Patents are sometimes injured when a medical practitioner does or fails to do something he or she should reasonably have done or not done which falls below the acceptable standard of care. The patient may then have a claim for medical malpractice, which is a form of an area of law known as negligence. Usually, this medical practitioner is a physician, but anyone in the medical field may also commit negligence and be held responsible, including nurses, nurse practitioners, therapists, dentists, and dental assistants.
Between 15,000 and 19,000 cases are brought each year against medical practitioners in the United States, and payouts due to these cases average about $234,000.00. Approximately 195,000 people are injured or killed each year due to medical malpractice, and unfortunately many of these claims are not pursued. Negligence law is part of a broader category called tort law, which is controlled by each state’s legislative code and court decisions. Therefore details may differ from state to state. However, certain core concepts remain true and broad generalizations can be made about negligence law and medical malpractice.
Who can sue, and who can they sue?
Of course, the injured person may bring a case on their own behalf and file suit as the plaintiff.

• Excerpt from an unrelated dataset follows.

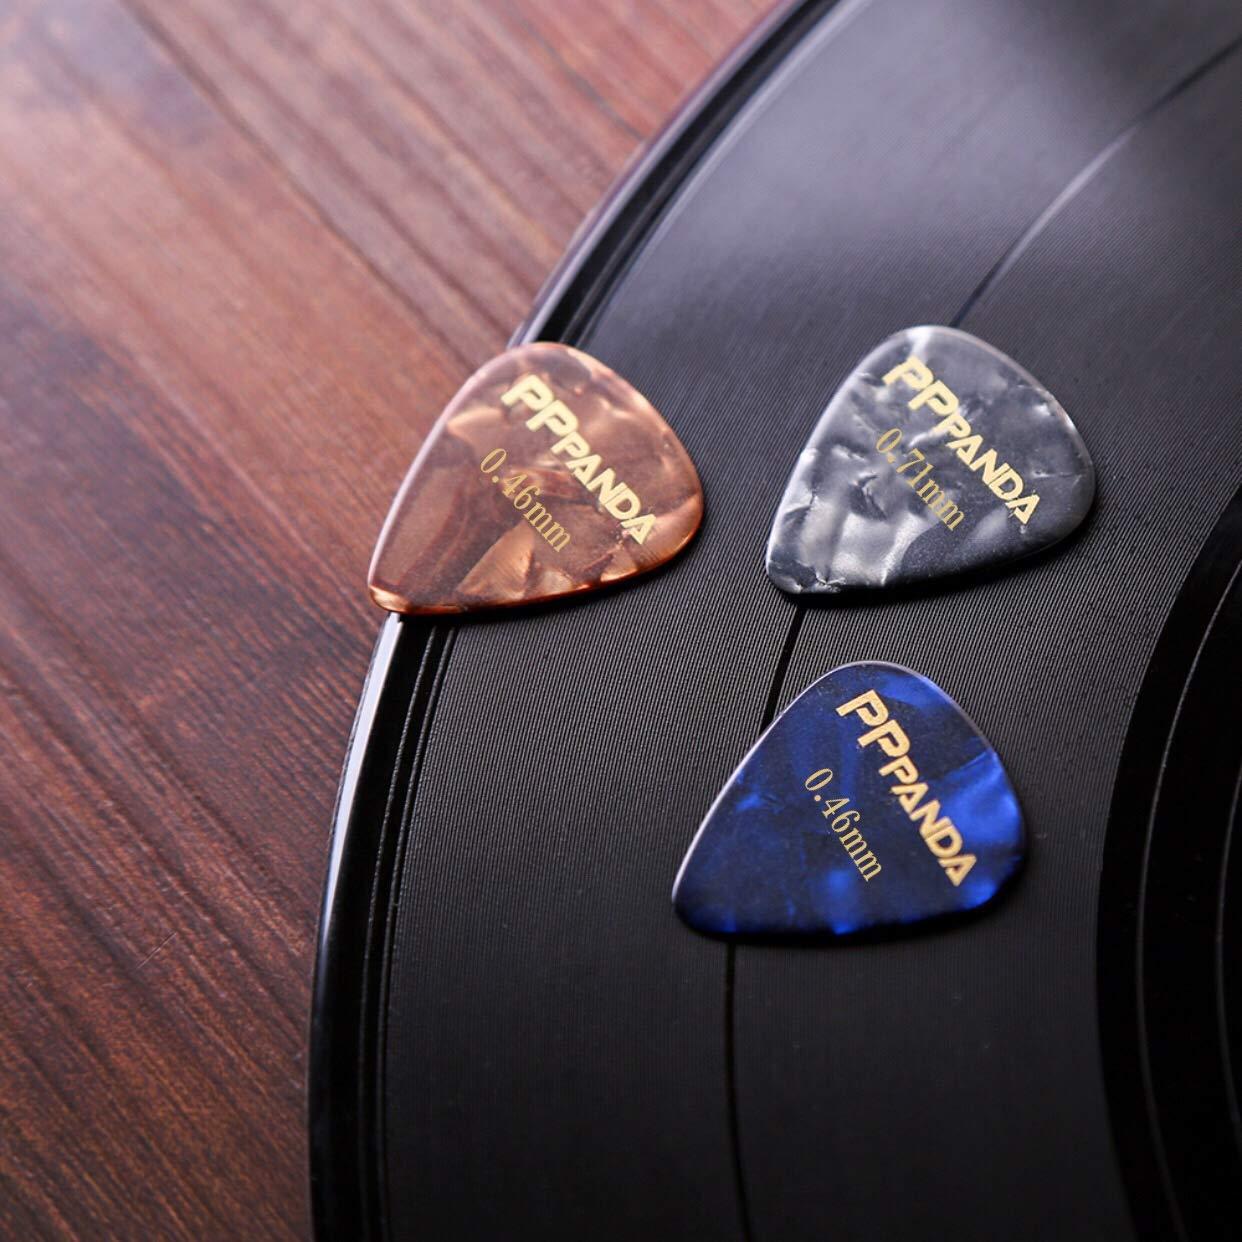 or Bass Guitar Thin PPpanda Guitar Picks 24 pcs Guitar Plectrums for Your Electric Acoustic Medium,0.46 0.71 mm
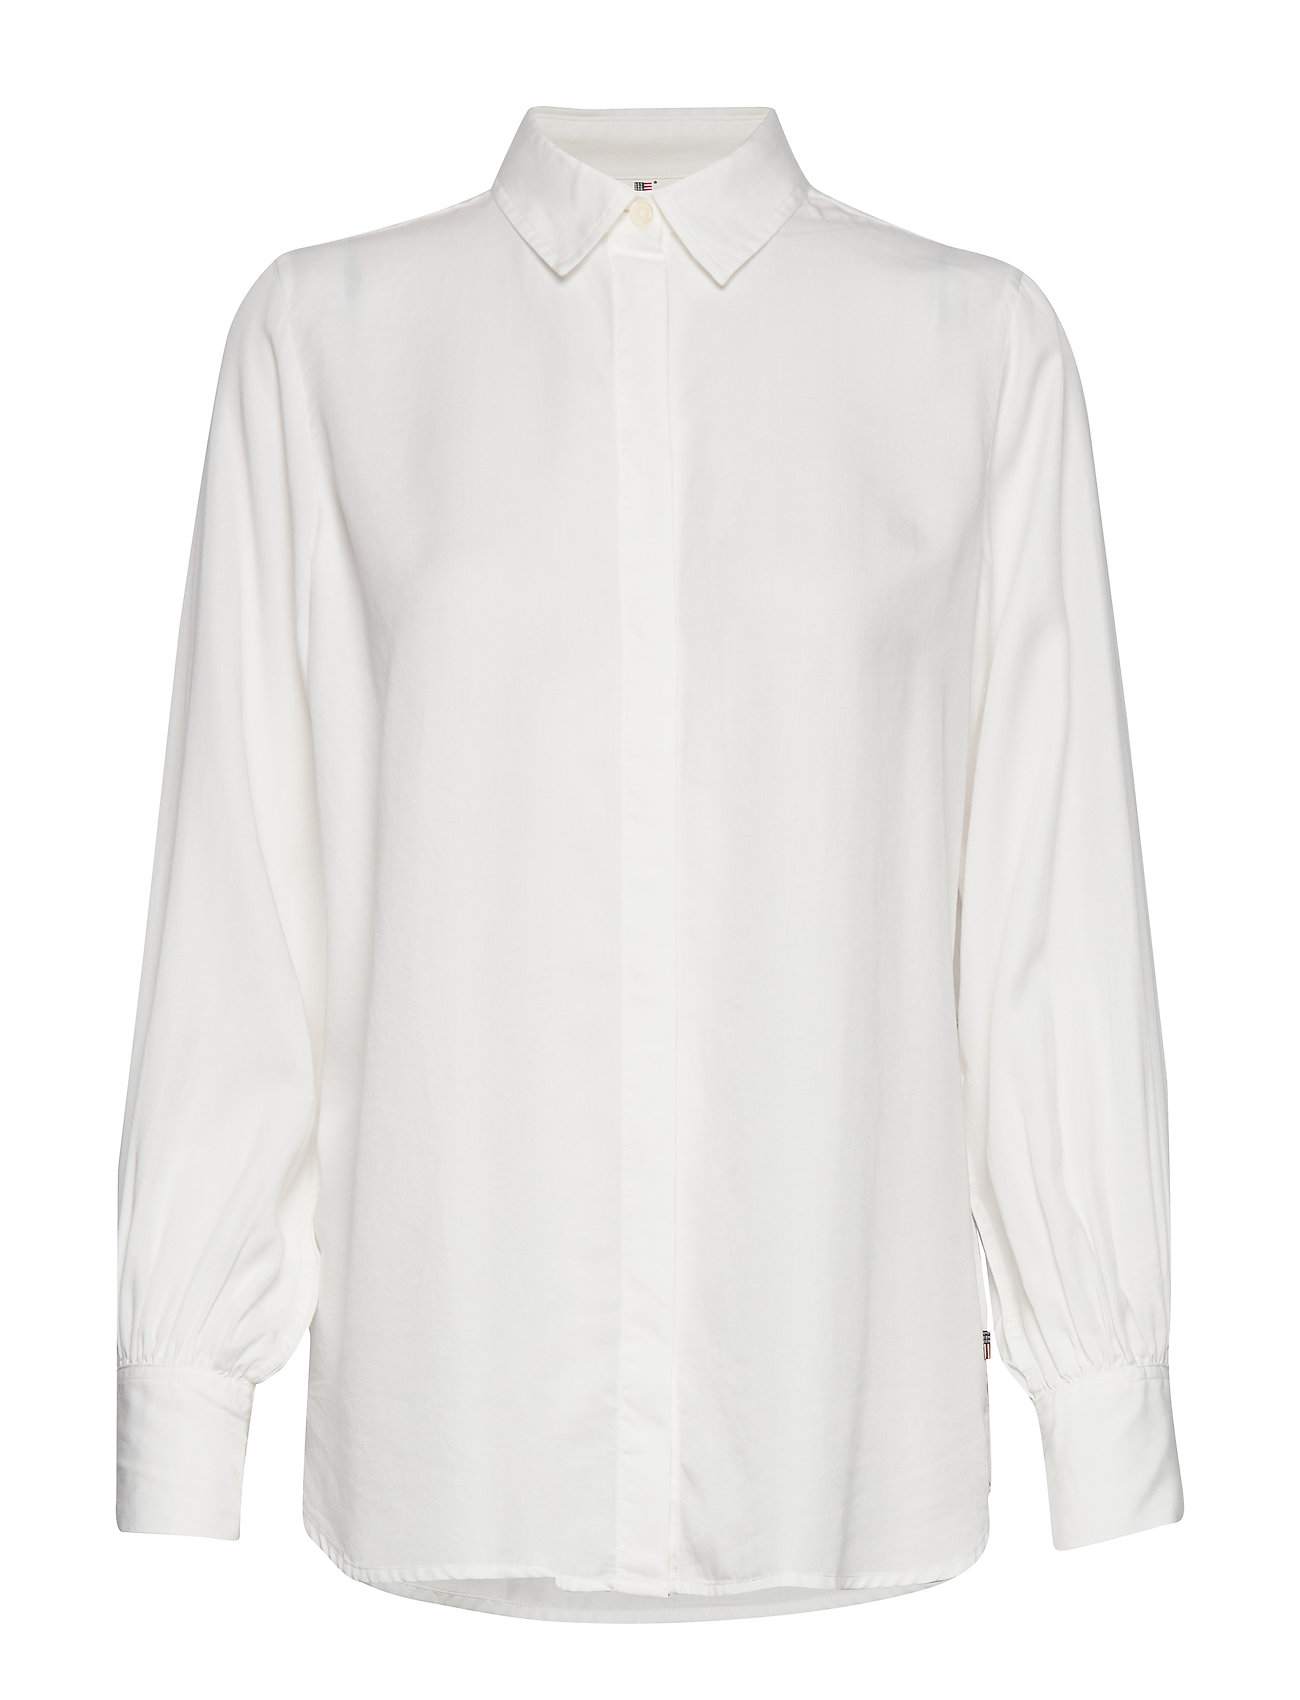 Lexington Clothing Isolde Lyocell Shirt - WHITE

If that injured person is still alive but is too incapacitated due to injury or minority to bring their own claim, a parent, guardian, or possibly power of attorney may pursue the claim on the injured person’s behalf. If the patient died, the Administrator or Executor may bring a wrongful death suit, and the spouses and children and other dependents have their own claims for the financial and emotional losses suffered due to the death.
The defendant in these cases is the medical practitioner who did something or failed to do something which did not meet the standard of care and caused injury to the plaintiff. Unfortunately for nurses, nurse practitioners, and other medical personnel supervised by other medical practitioners like doctors, following orders does not guarantee that they cannot be sued. This often puts those employees in difficult positions. Sometimes they must choose between what they think is right and keeping their jobs. All of this does not mean that everything a medical does or fails to do that causes injury is actionable in a court of law. Each case must meet a certain number of elements to produce a recovery for the plaintiff.
Required Elements of a Medical Malpractice Case
In order to recover damages, or reimbursement for wrongs done, a plaintiff must prove four elements that are based in negligence law. The four elements are duty, breach of that duty, the breach caused injury, and the injury, which is also known as damage, actually exists.
- DUTY: the plaintiff must prove that the medical practitioner took on a duty to care for the patient which is generally easy to prove in a medical malpractice case.
- BREACH: next, the plaintiff must prove that the medical practitioner breached the duty owed to the plaintiff. This is the second-most difficult element to prove, because the plaintiff must show that the defendant did not meet the standard of care owed to the plaintiff. Therefore, the plaintiff must establish what constitutes the standard of care and prove that the defendant did not meet his duty.
- CAUSATION: this is the most difficult element to prove. The plaintiff must establish that what the defendant did or failed to do caused harm to the plaintiff. In some cases this is easy, such as when a surgeon accidentally leaves a surgical pad inside the plaintiff when closing up after surgery. Sometimes it is more difficult, as when a doctor prescribes chemotherapy at a strength that later causes cancer.
- HARM: if a plaintiff is bringing a claim, they have usually suffered harm and it is not difficult to prove. As mentioned before, the most difficult part is proving that the defendant’s breach caused this harm.In order to prove these elements, often plaintiffs and their attorneys must bring in expert witnesses. The Rules of Evidence require that anything that is technical, scientific, or not easily understood by lay persons in the jury must be explained by an expert witness. The expert witness must be qualified by the court as an expert in their field. In addition to these elements and required expert testimony, the plaintiff must show that the claim has not expired by waiting too long since the discovery of the injury to bring the claim to the court.
Types of Medical Malpractice
The range of medical malpractice is as wide as the medical profession. Because hundreds of thousands of medical malpractice cases have been decided on court, rules about the specific types have coalesced and general rules developed. Many attorneys who specialize in medical malpractice further specialize in categories of medical illness, and thus are more experienced at quickly distilling the relevant facts to prove the case.